[The Seven Great Monarchies Of The Ancient Eastern World, Vol 3. (of 7): Media by George Rawlinson]@TWC D-Link bookThe Seven Great Monarchies Of The Ancient Eastern World, Vol 3. (of 7): Media CHAPTER II 14/33
At intervals along the line of his intended conduit he first sinks shafts, which he then connects with one another by galleries, seven or eight feet in height, giving his galleries a slight incline, so that the water may run down them freely, and continuing them till he reaches a point where he wishes to bring the water out upon the surface of the plain.
Here and there, at the foot of his shafts, he digs wells, from which the fluid can readily be raised by means of a bucket and a windlass; and he thus brings under cultivation a considerable belt of land along the whole line of the _kanat_, as well as a large tract at its termination.

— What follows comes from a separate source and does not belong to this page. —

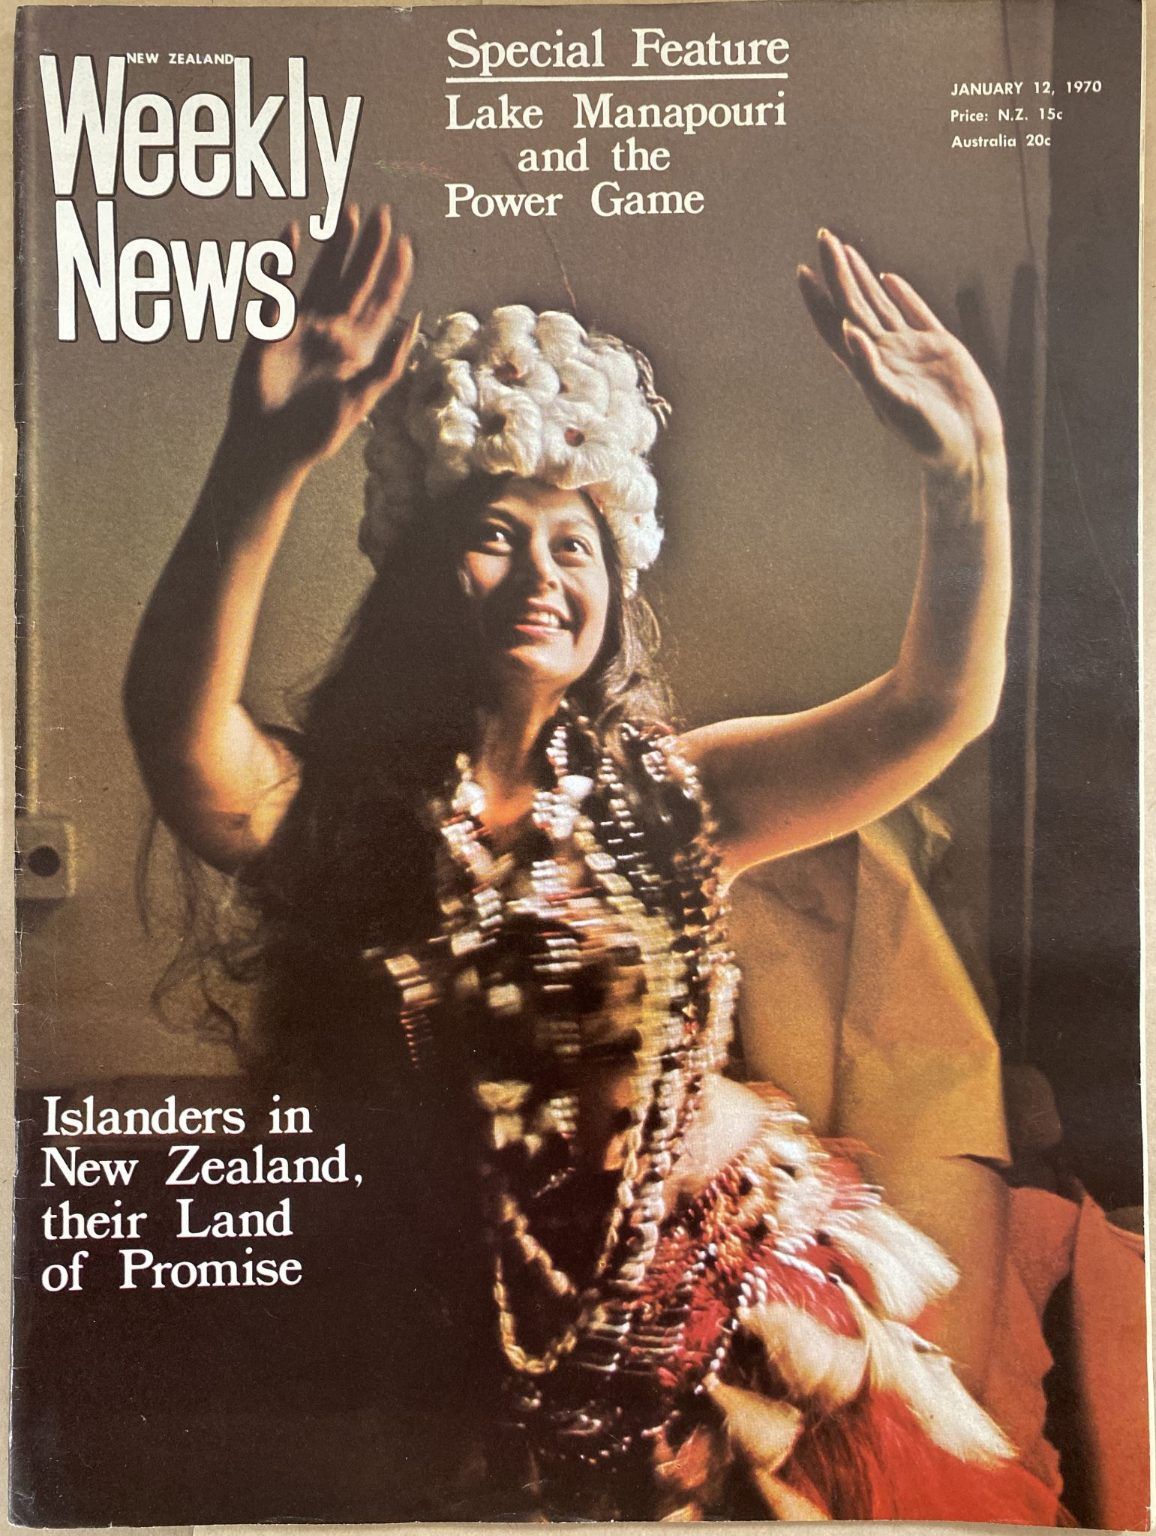 OLD NEWSPAPER: New Zealand Weekly News, No. 5537, 12 January 1970

These conduits, on which the cultivation of the plateau depends, were established at so remote a date that they were popularly ascribed to the mythic Semiramis, the supposed wife of Ninus.
It is thought that in ancient times they were longer and more numerous than at present, when they occur only occasionally, and seldom extend more than a few miles from the base of the hills. By help of the irrigation thus contrived, the great plateau of Iran will produce good crops of grain, rice, wheat, barley, Indian corn, doura, millet, and sesame.
It will also bear cotton, tobacco, saffron, rhubarb, madder, poppies which give a good opium, senna, and assafoetida. Its garden vegetables are excellent, and include potatoes, cabbages, lentils, kidney-beans, peas, turnips, carrots, spinach, beetroot, and cucumbers.